“哈哈,真是劣品啊。”惟功大為搖頭,大丫也是抿著嘴笑,這丫鬟還是很懂得分寸的……惟功見人說事的時候,她從不吱聲,隻站在一旁伺候,不過偶然控製不住情緒的時候,也是頗為可愛。


    最少,惟功覺得,房裏放這麽一個明眸皓齒的美人在,縱不能紅袖添香,紅袖添飯,也蠻不錯的。


    “這生意做賠了。”京城勳貴圈公認的第一生意人難得的認了慫,對著建設處的林胖子道:“得了,我會叫財務處的人撥一筆款到京師,緊急打造一批鐵鏟送過來。
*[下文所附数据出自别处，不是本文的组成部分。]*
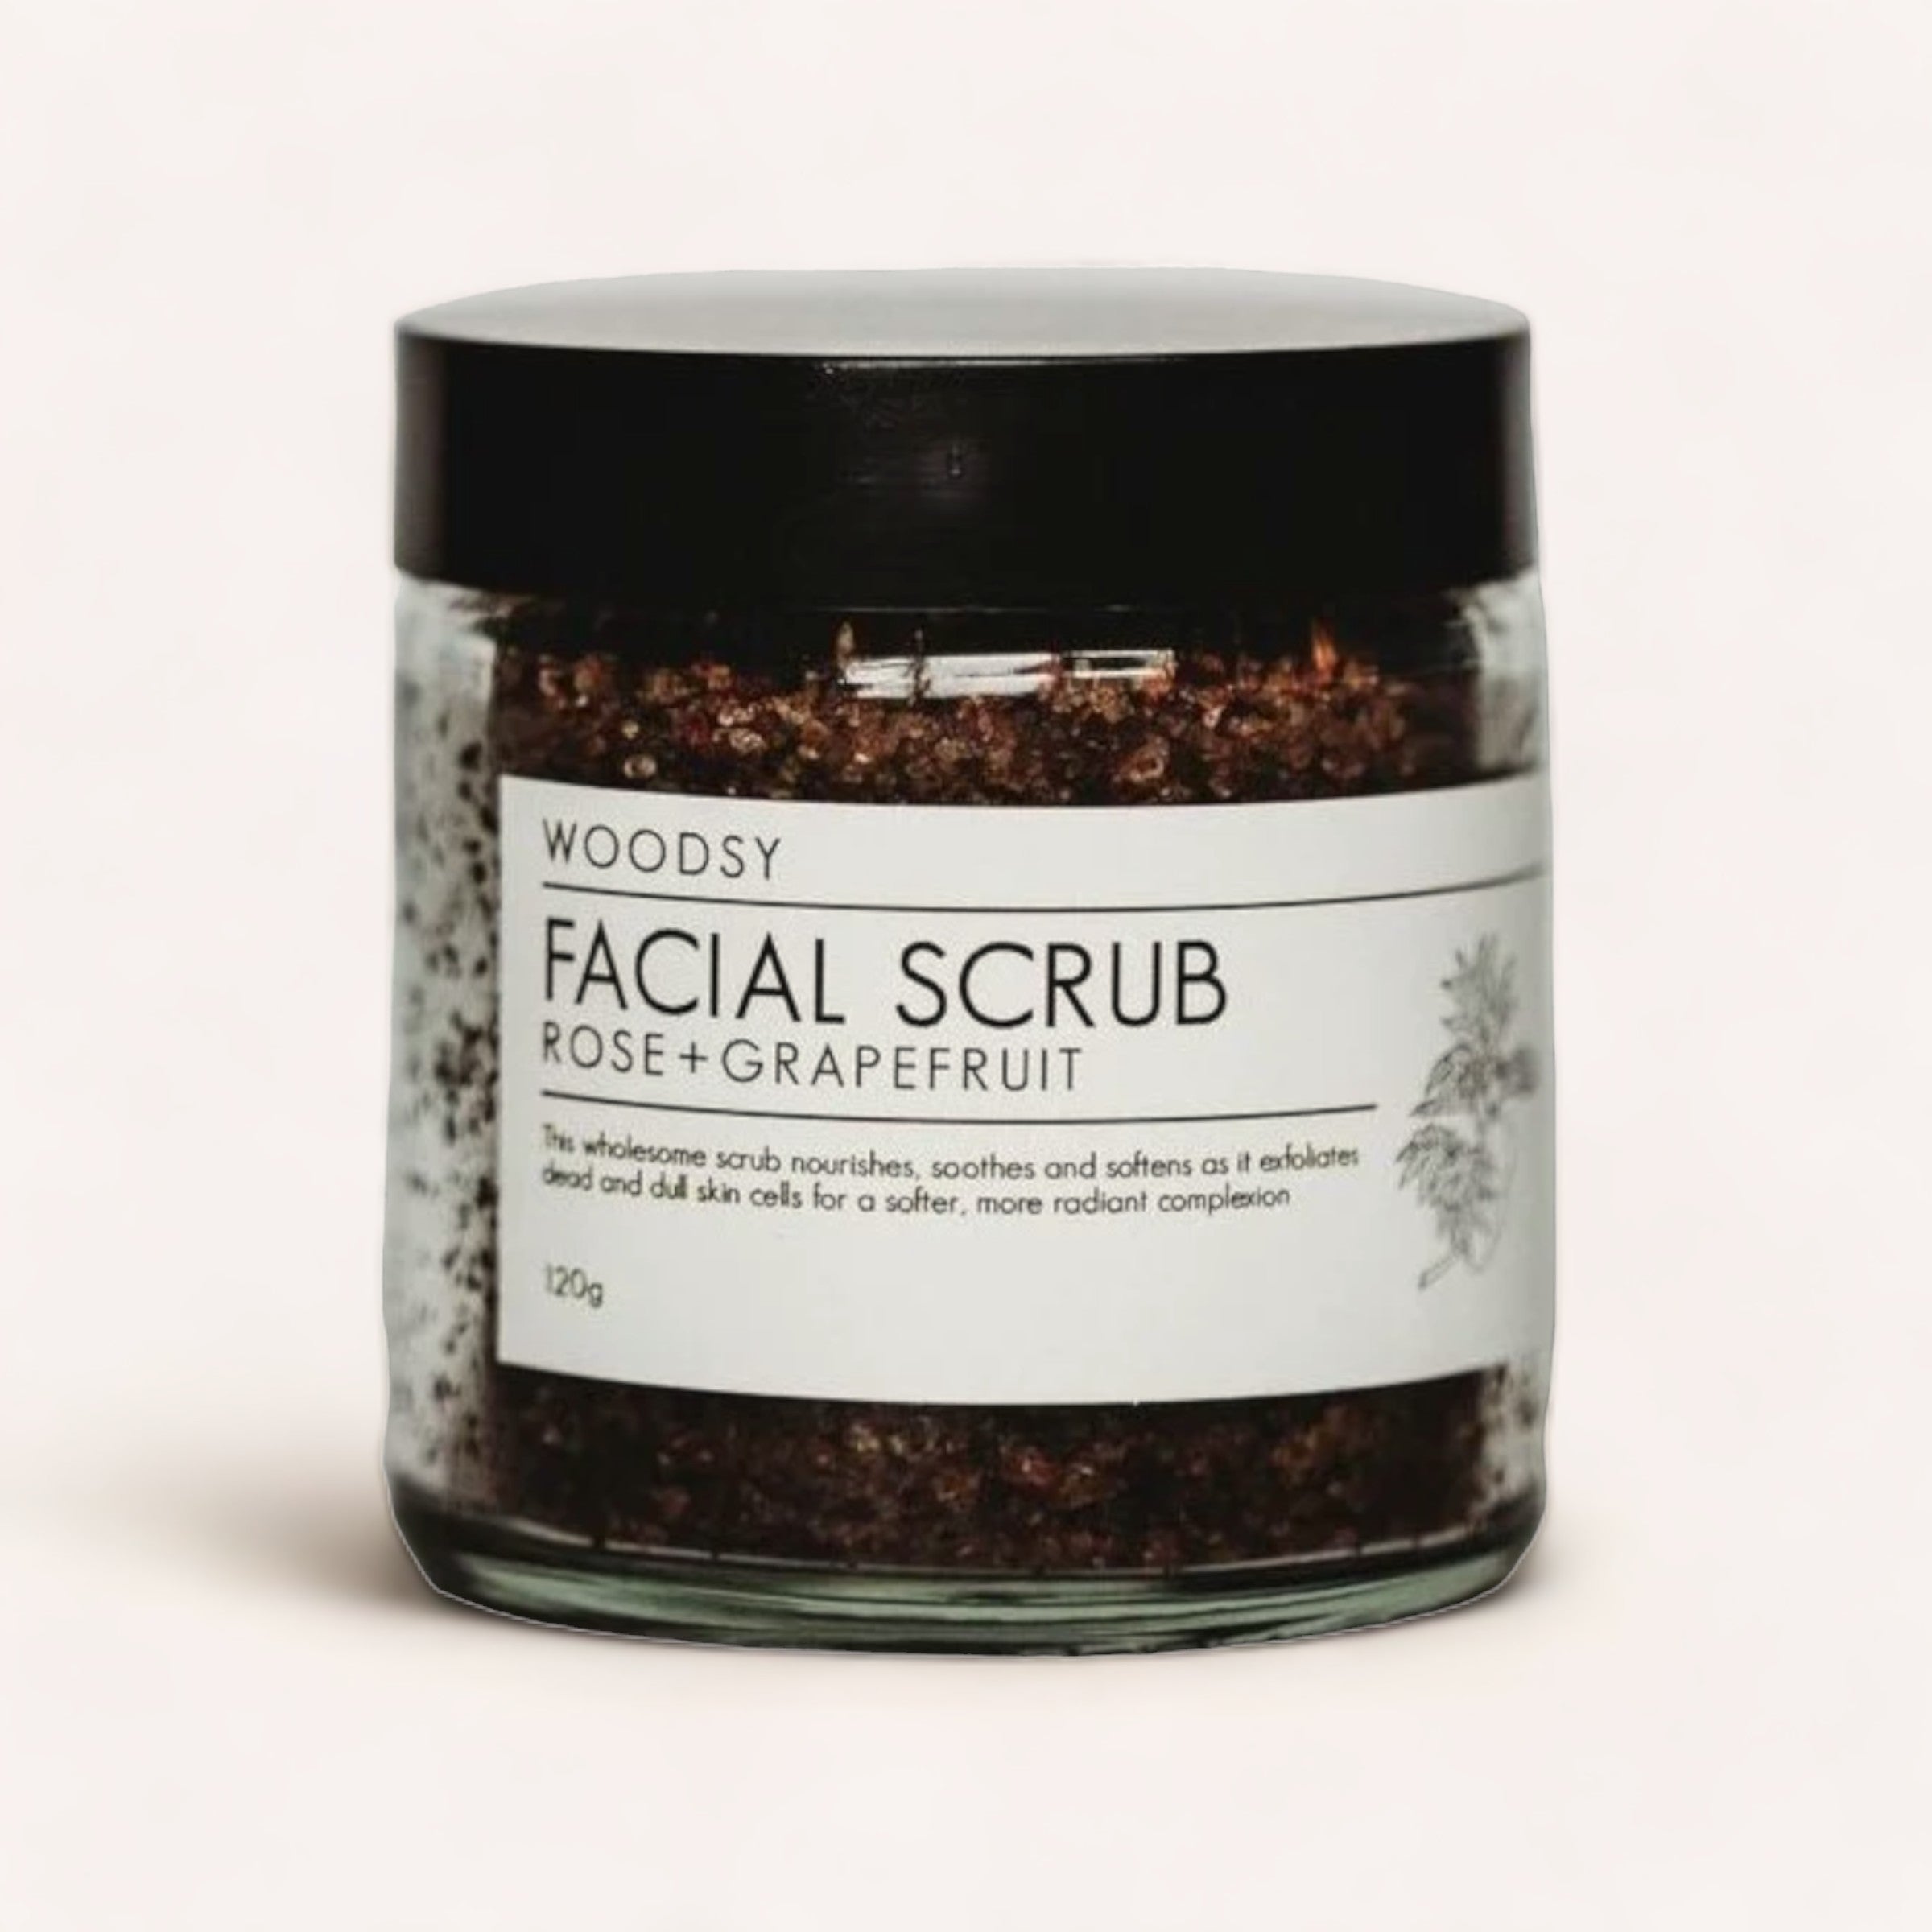 Sentence with replaced product and brand name: A jar of Facial Scrub - Rose & Grapefruit by Woodsy Botanics, intended to nourish, soothe, and soften the skin for a radiant complexion while facilitating the removal of dead skin cells.

”


    “是,不過還得請大人從工兵那裏先撥一些給屬下,不然的話,工期很難趕……”


    “也成,不過你也不要太死板,預備要從城中雇傭人手,這些人總會帶一些工具的,你去和用誠說,預算寬裕一些,叫你多找一些人手便是了。”


    “是是,屬下告辭……大那個……嗯,也一並告辭了。”


    大丫差點笑出聲來,便是惟功,也是莞爾。


    “你甭笑,人家私下裏叫你大丫,當著我的麵,總不好意思……”


    “奇怪了!”大丫臉紅紅道:“為什麽當你的麵就不好意思了?”


    “這個麽……當然有理由……”


    “倒是什麽理由,我一定要聽個清楚明白。”


    大丫倒還真是有性格,惟功這樣的身份,她小性子上來,也顯的格外認真。對惟功有時候的風言風語,不大過份的這小姑娘就放過了去,今日這話,明顯過線了。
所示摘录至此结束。